28 декабря 1960 года, Танжер
Была холодная ночь, может, самая холодная из всех пережитых мной в Танжере. Дул ледяной северо-западный ветер с Атлантики. Я шел по безмолвному городу. На улицах не было даже собак. До мастерской Т.Ч. я топал больше часа. Недолго думая, я перемахнул через забор там же, где и всегда (я нашел место, где приземляешься на дорожку, не оставляя следов на мягкой земле). Проникнув в спальню, я услышал за дверью шаги Т.Ч. и понял, что он работает. Я ступил из тьмы в освещенное пространство мастерской. В комнате было тепло от стоявшей в углу жаровни. Он продолжал писать. Я приблизился к нему со спины. Под джелябой угадывались его напряженные мышцы. Я остановился почти вплотную к нему, но он по-прежнему не ощущал моего присутствия. Он накладывал краску мазками, сочными как плоть. Наконец он почувствовал на шее мое дыхание и окаменел. Он не повернулся. Не, в силах был повернуться. «Это я», — произнес я.

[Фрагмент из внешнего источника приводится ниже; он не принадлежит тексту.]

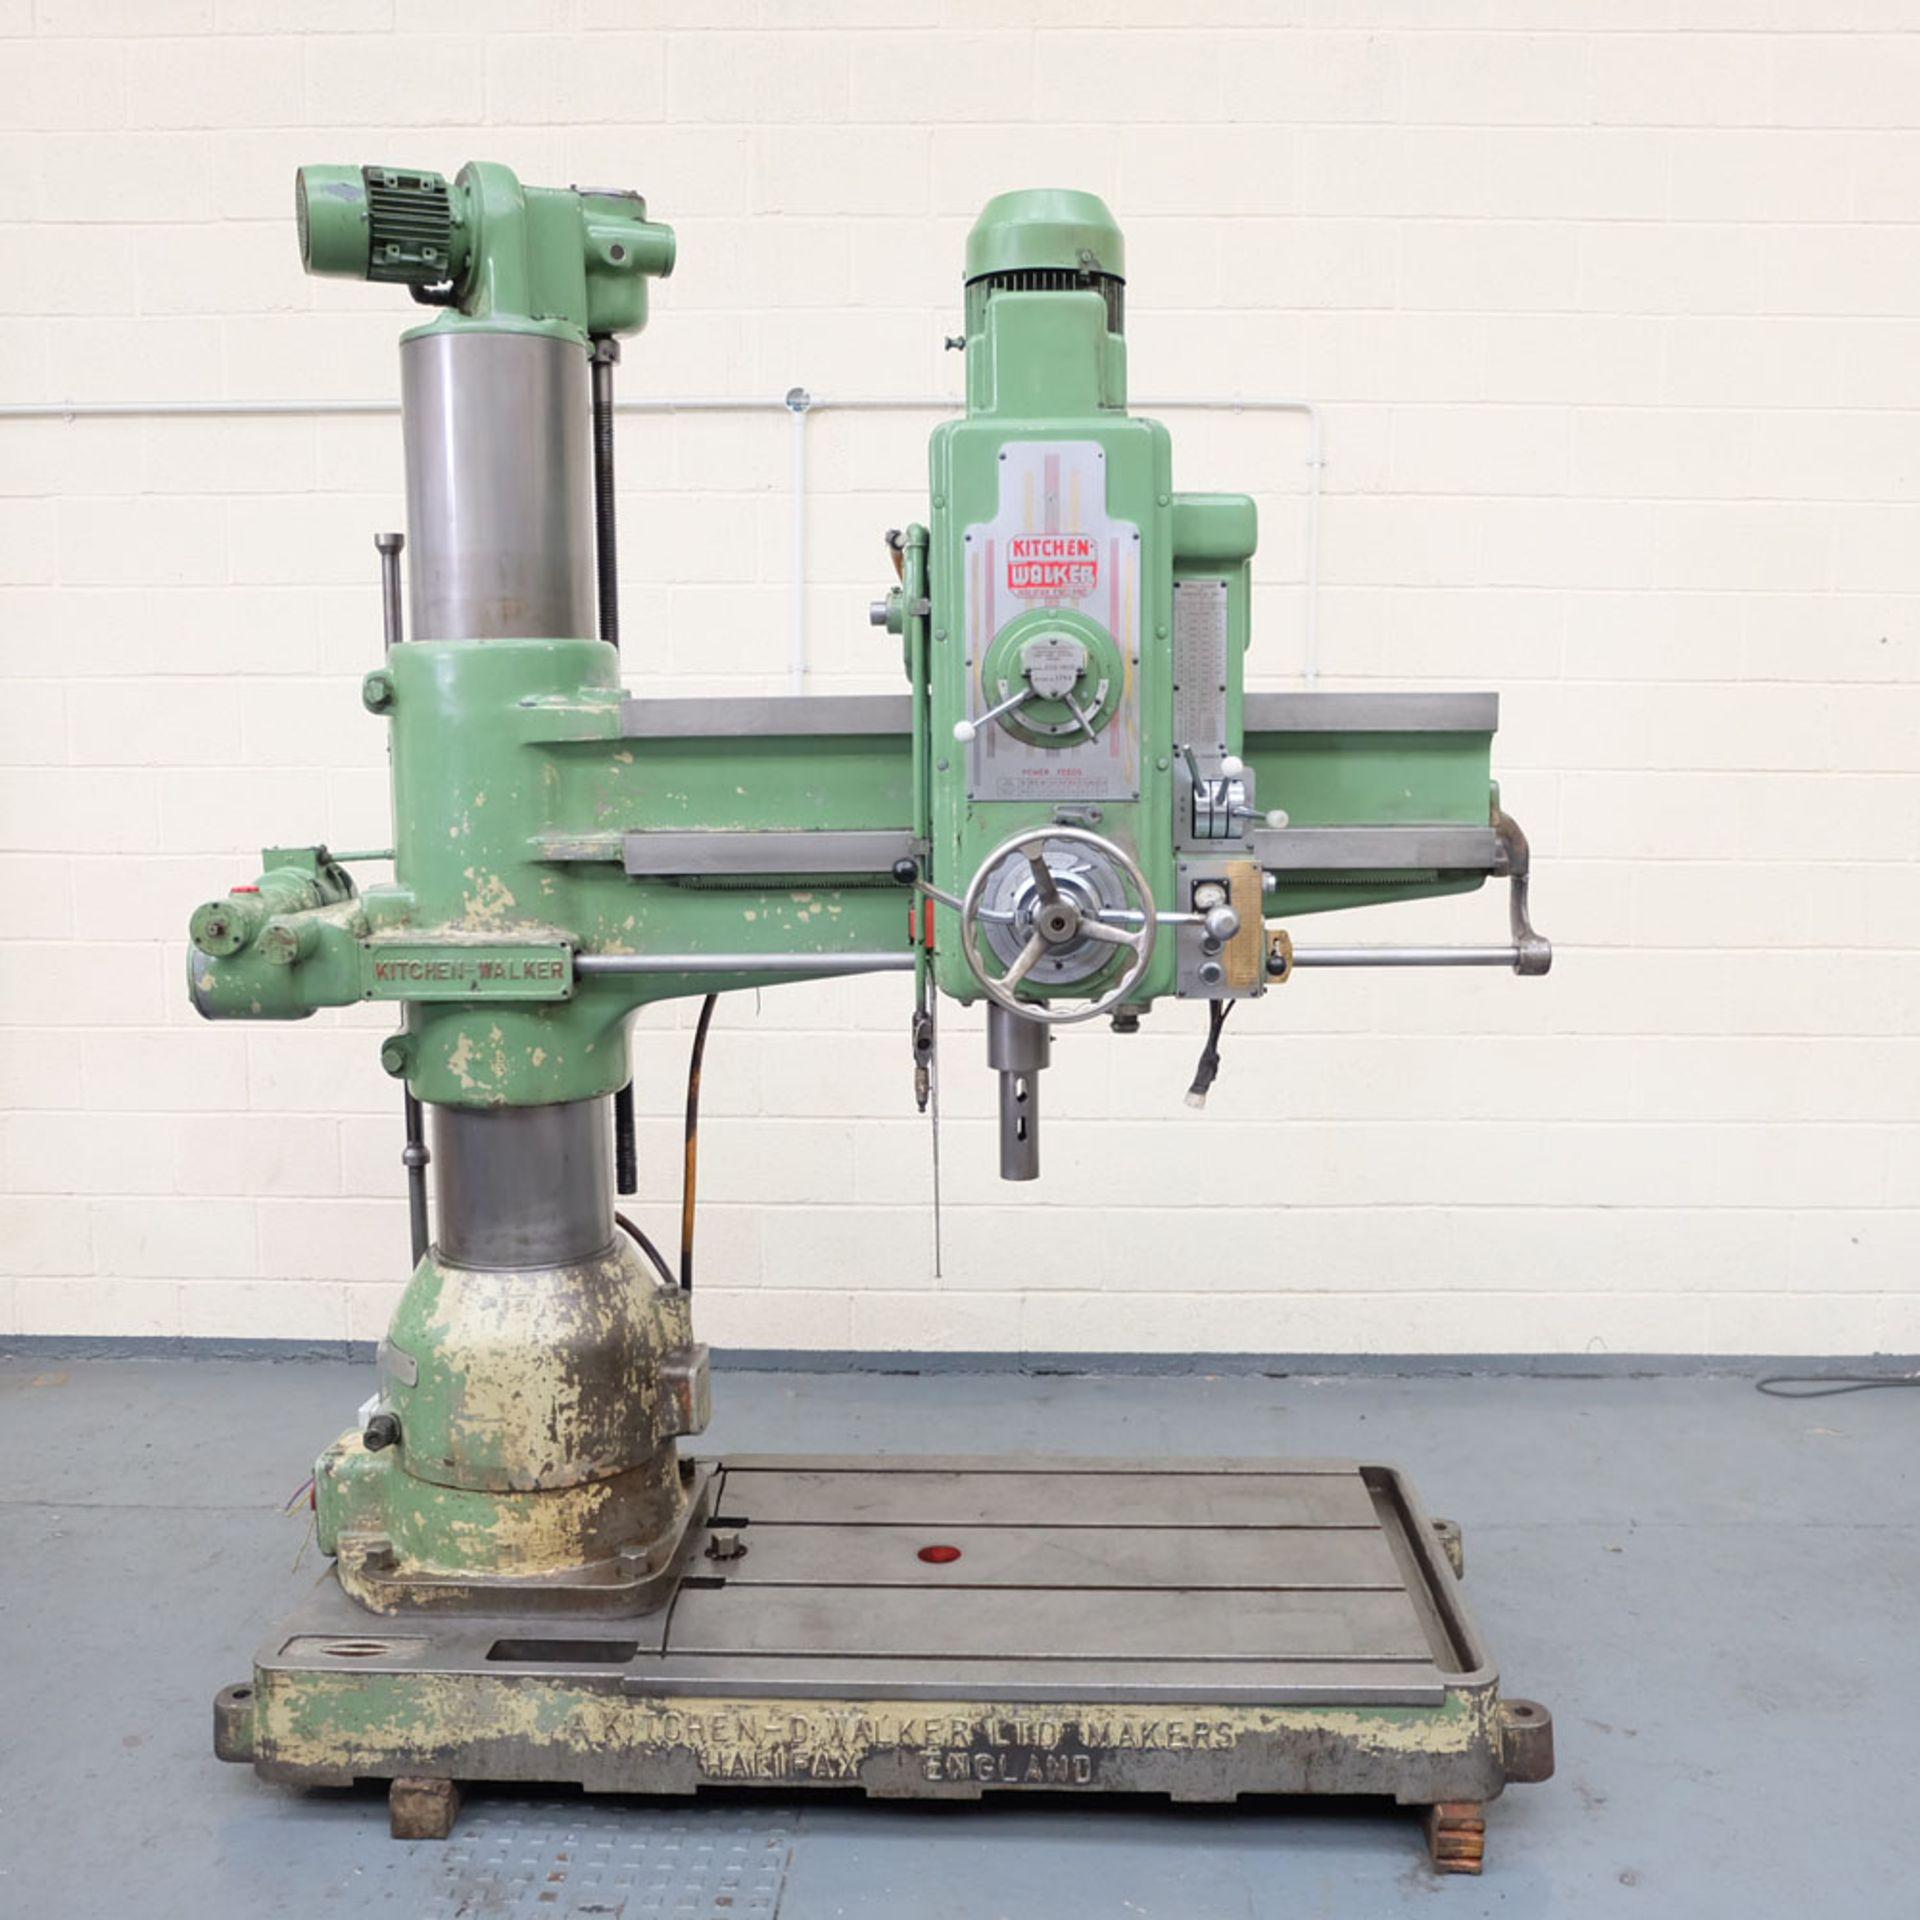 Kitchen-Walker Model E50-1400 4 1/2 FT Radial Alarm Drill.

Т.Ч. обернулся. Его глаза взывали к моему разуму и, не найдя отклика, к жалости. У меня не было ни потребности, ни желания объясняться, поэтому, размахнувшись, я ребром ладони рубанул ему по горлу с такой зверской силой, что раздался треск. Он выронил кисть и палитру и рухнул на колени, отчаянно пытаясь вдохнуть. Встав за его спиной, я одной рукой закрыл ему рот, а другой зажал нос. Мой жестокий удар превратил этого крепкого мужчину в ватную куклу. Только когда смерть затуманила ему сознание, инстинкт самосохранения влил силу в его руки, но было уже слишком поздно. Я держал крепко и задул эту последнюю вспышку гаснущего пламени. Положив Т.Ч. на пол лицом вниз, я снял четыре «ню» с подрамников, свернул их в трубку и поставил рядом с дверью. Потом взял пятилитровую канистру с уайт-спиритом и облил им пол и неподвижное тело. Рядом были еще скипидар и спирт. Я бросил зажженную спичку и вышел. Вернувшись к себе в мастерскую, я спрятал холсты на чердаке над своей кроватью и лег спать. Дело было сделано, и сон пришел мгновенно».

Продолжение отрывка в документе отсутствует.